**Assignment**
Can the lines below, from the one that holds "white ice skates size 6" to the very end, be echoed exactly, with both ends included and no pictures?

**Data shown**
· · · · ·
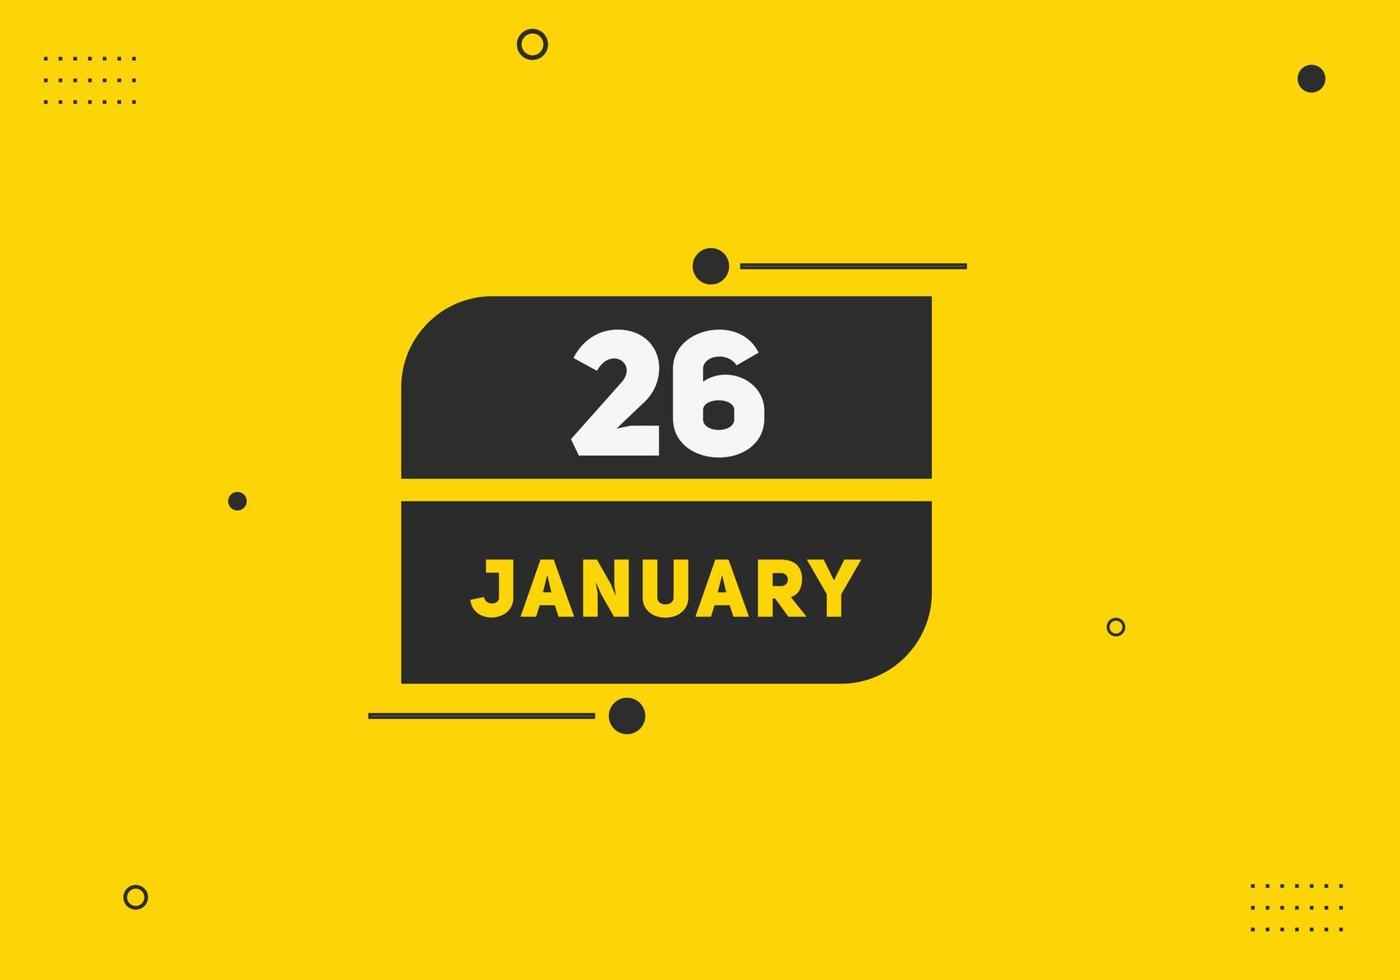 lembrete de calendário de 26 de janeiro. 26 de janeiro modelo de ícone de calendário diário. modelo de design de ícone de calendário 26 de janeiro. ilustração vetorial vetor
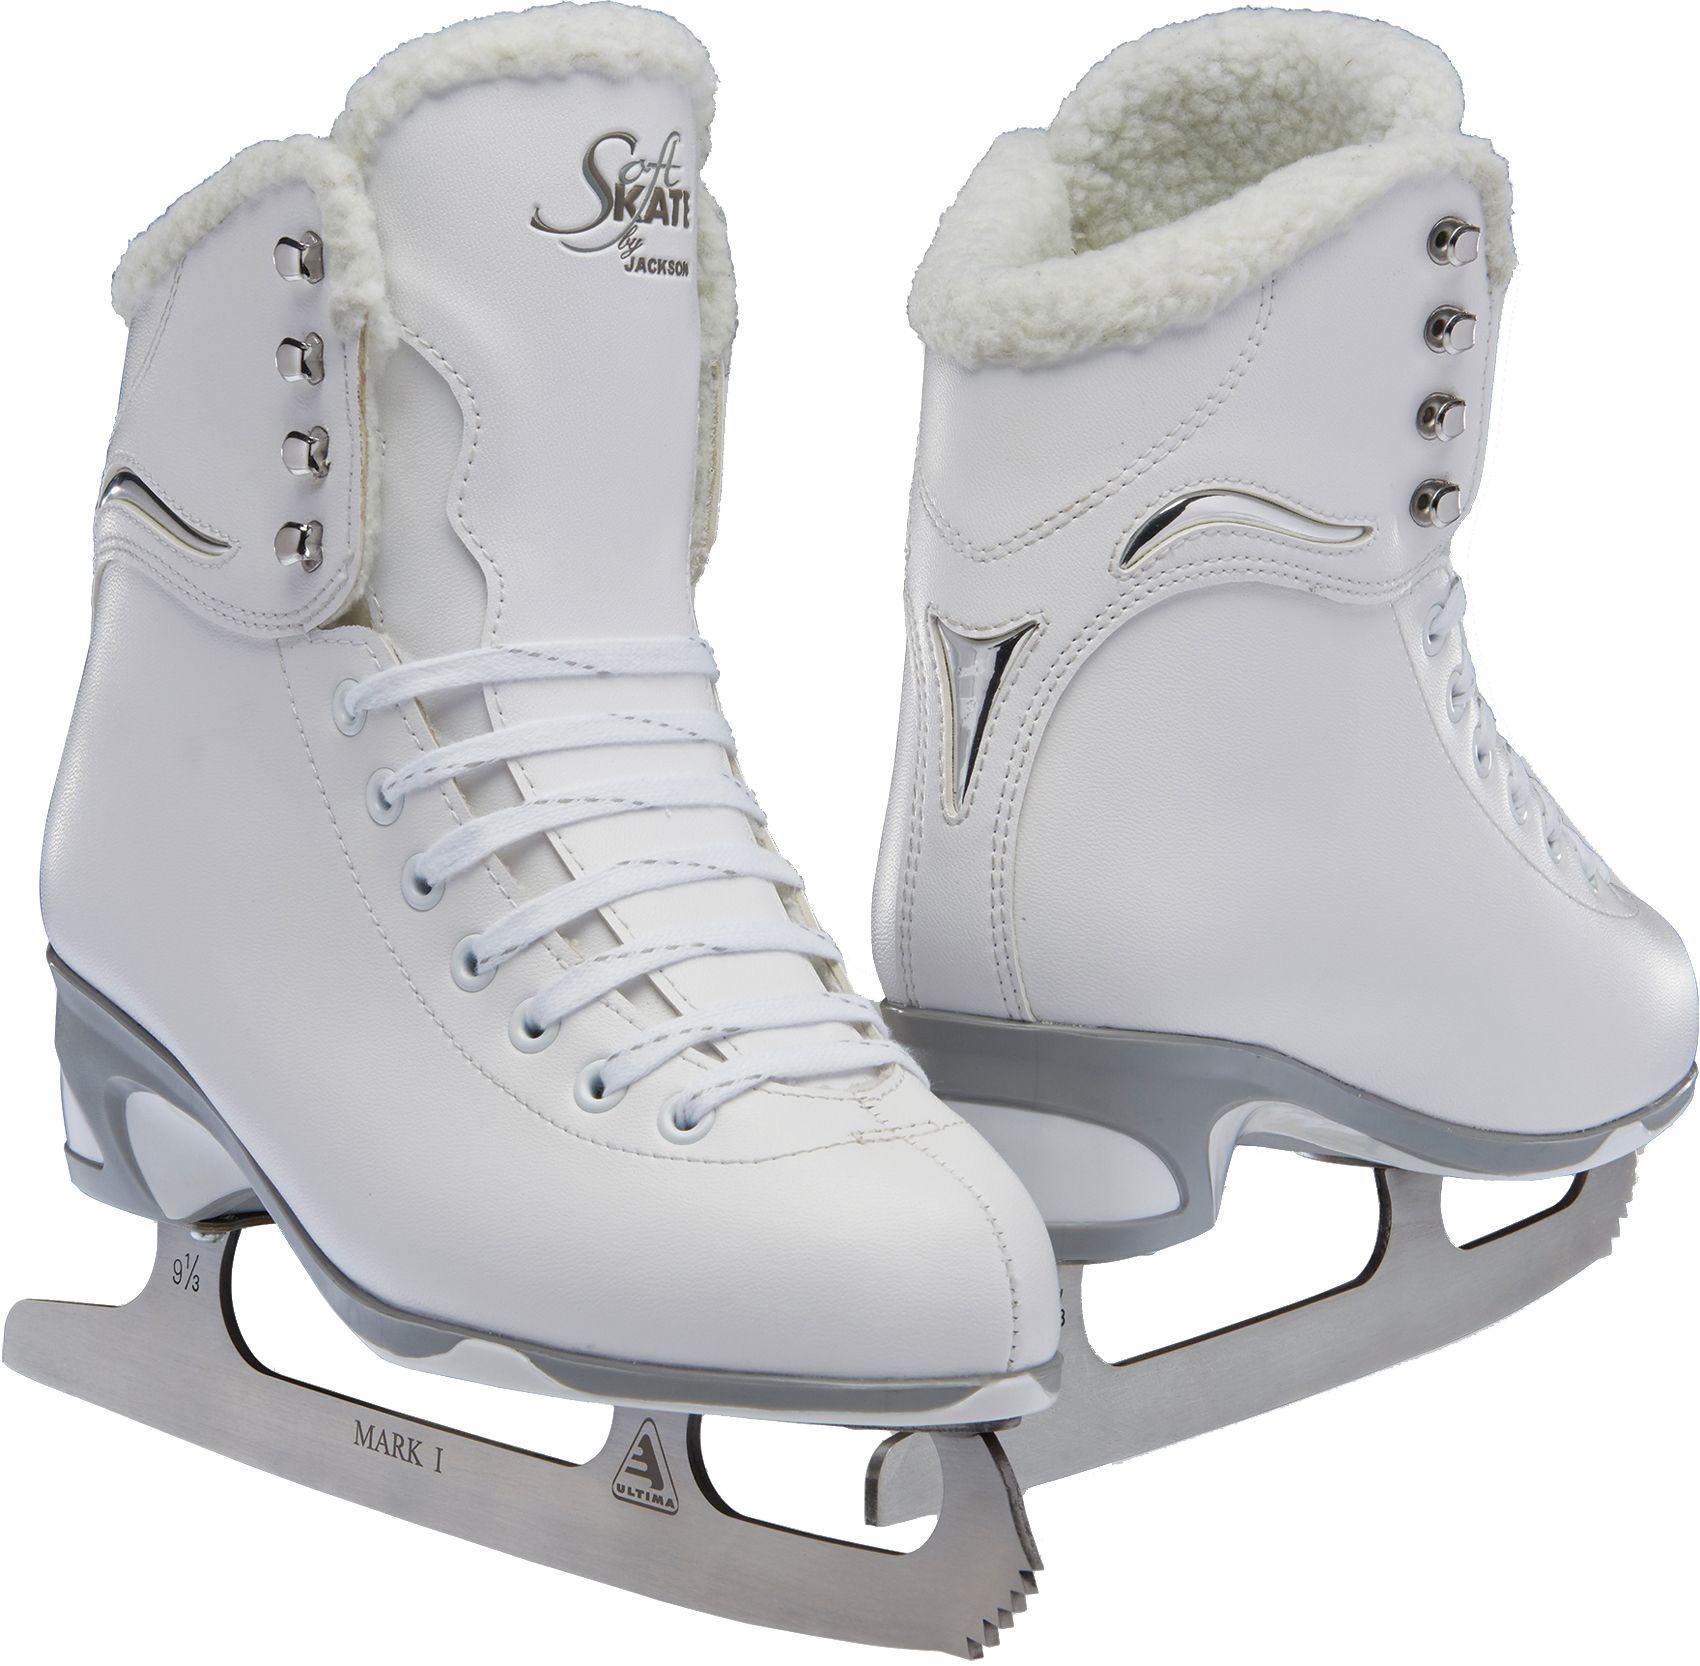 white ice skates size 6
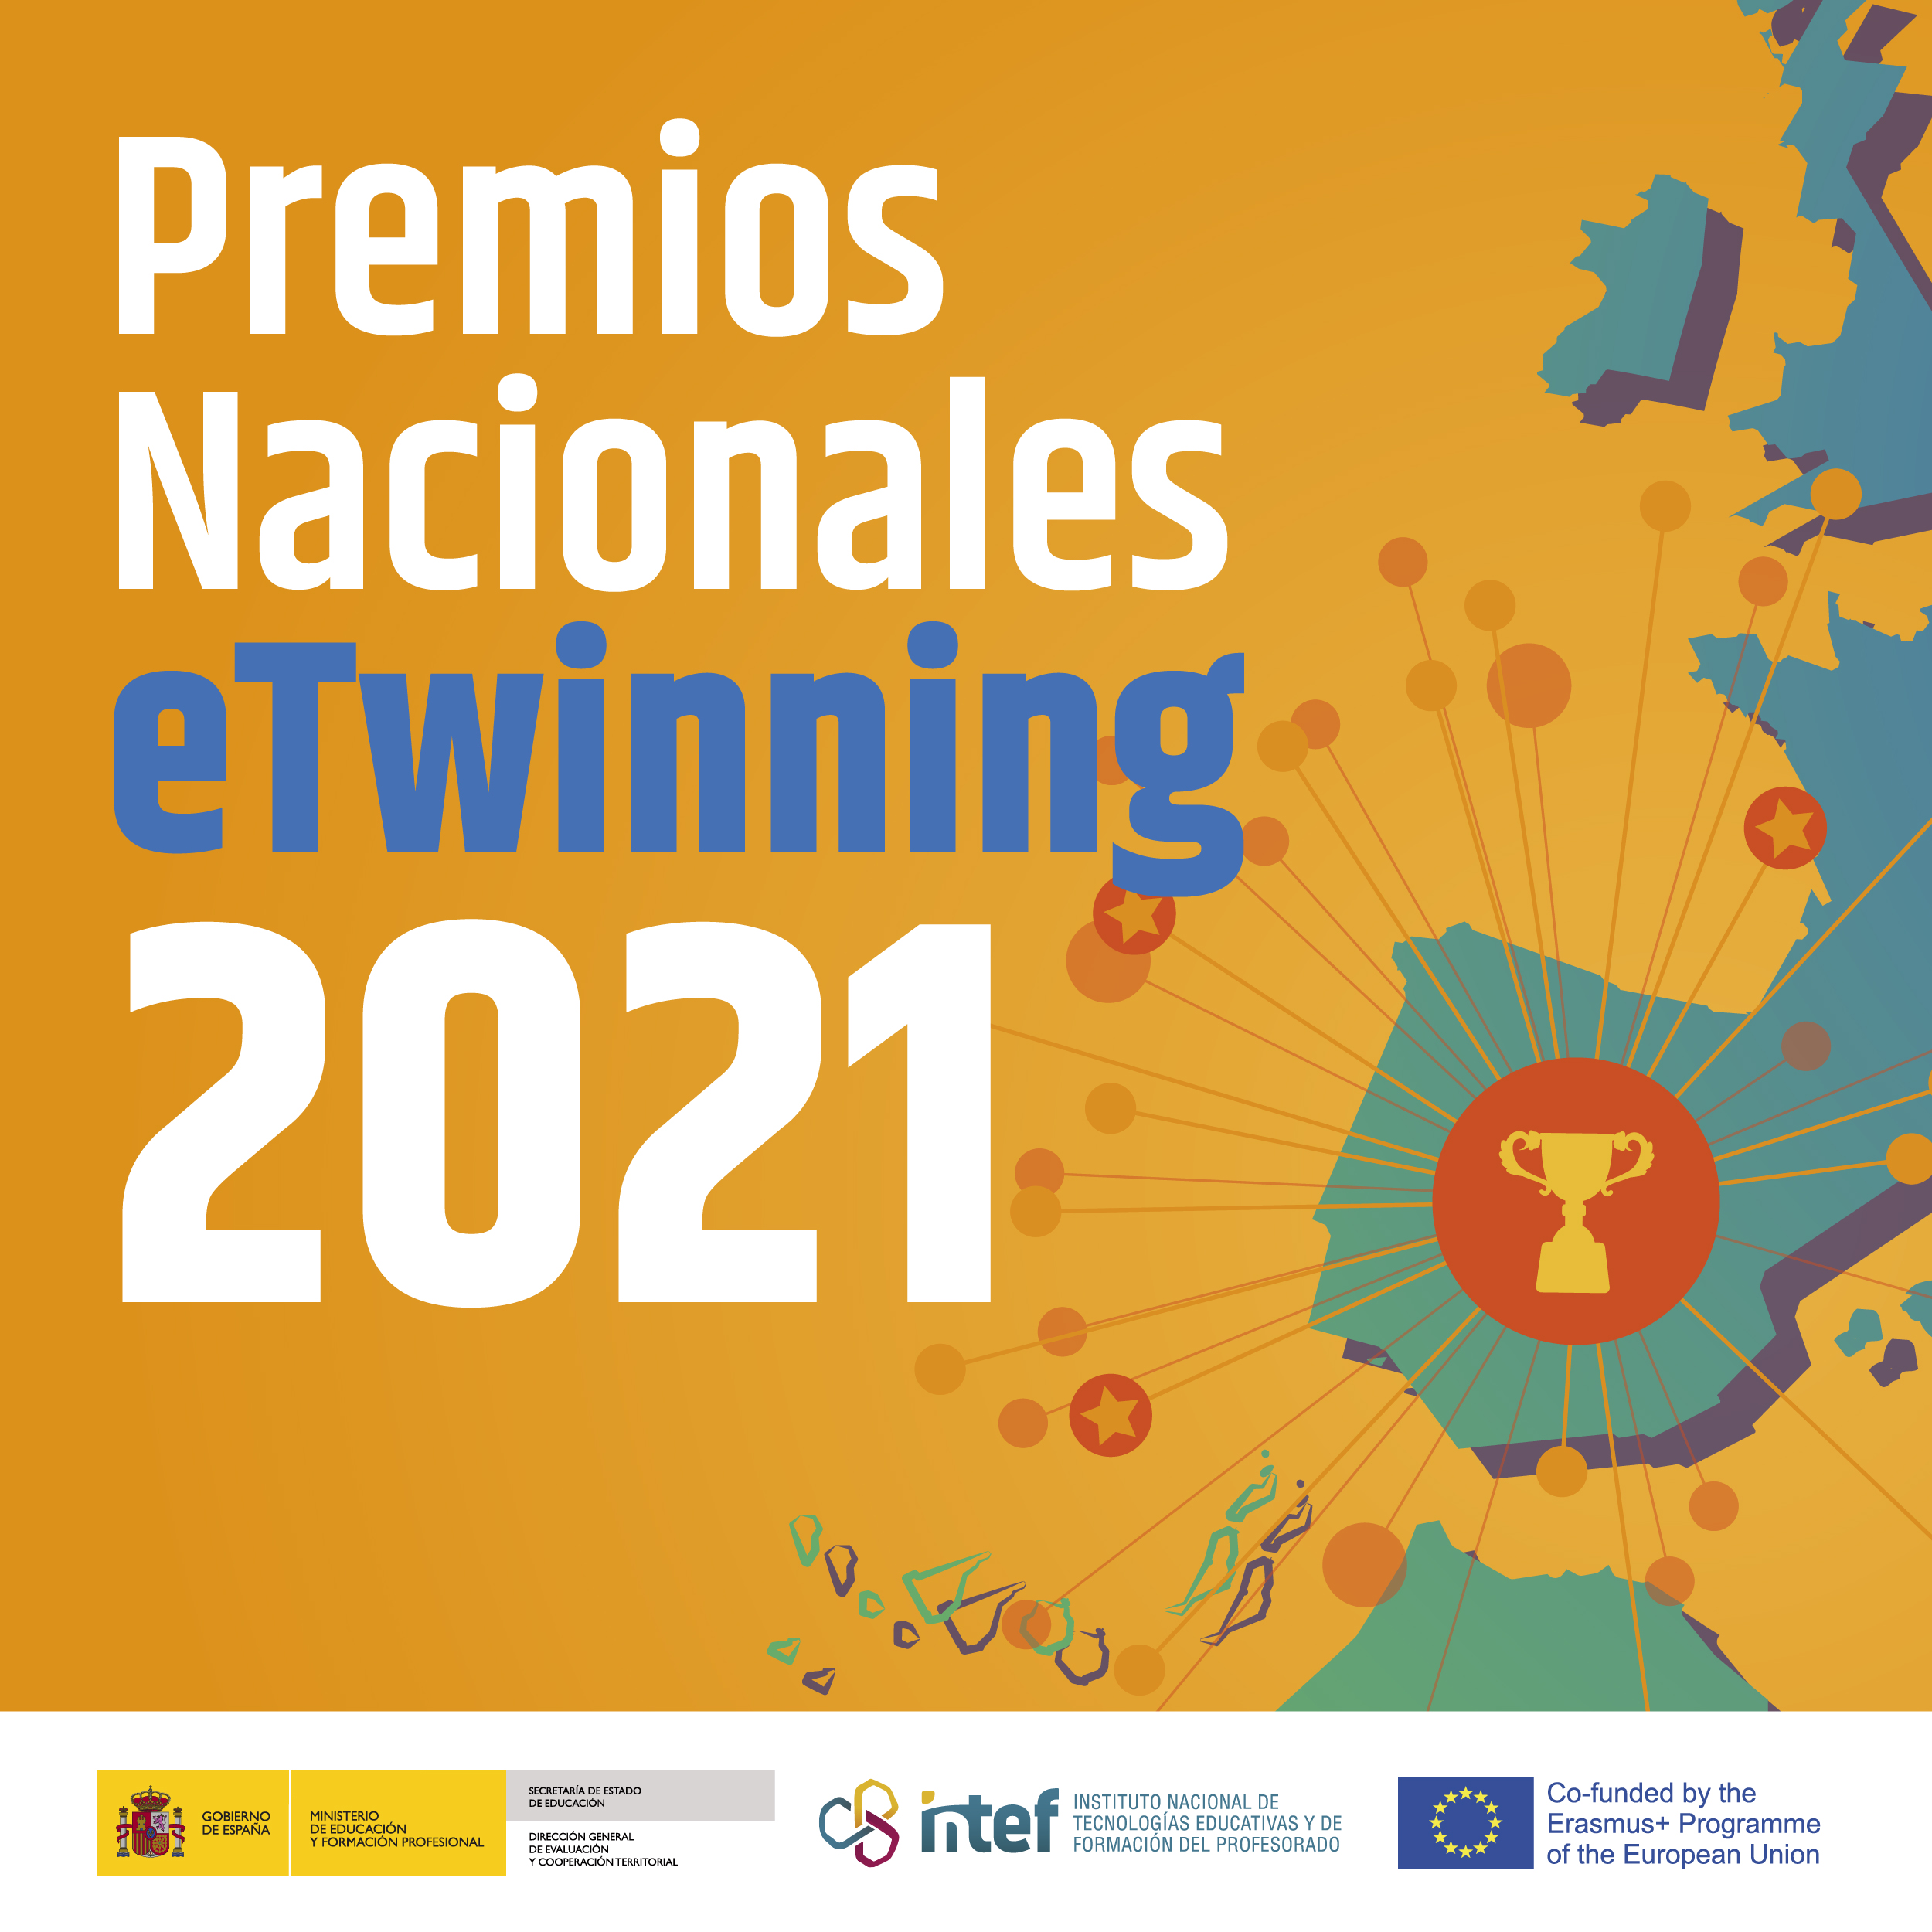 Premios Nacionales eTwinning 2021: Listado de proyectos y docentes galardonados
· · · · ·
**Expected output**
 white ice skates size 6
 Premios Nacionales eTwinning 2021: Listado de proyectos y docentes galardonados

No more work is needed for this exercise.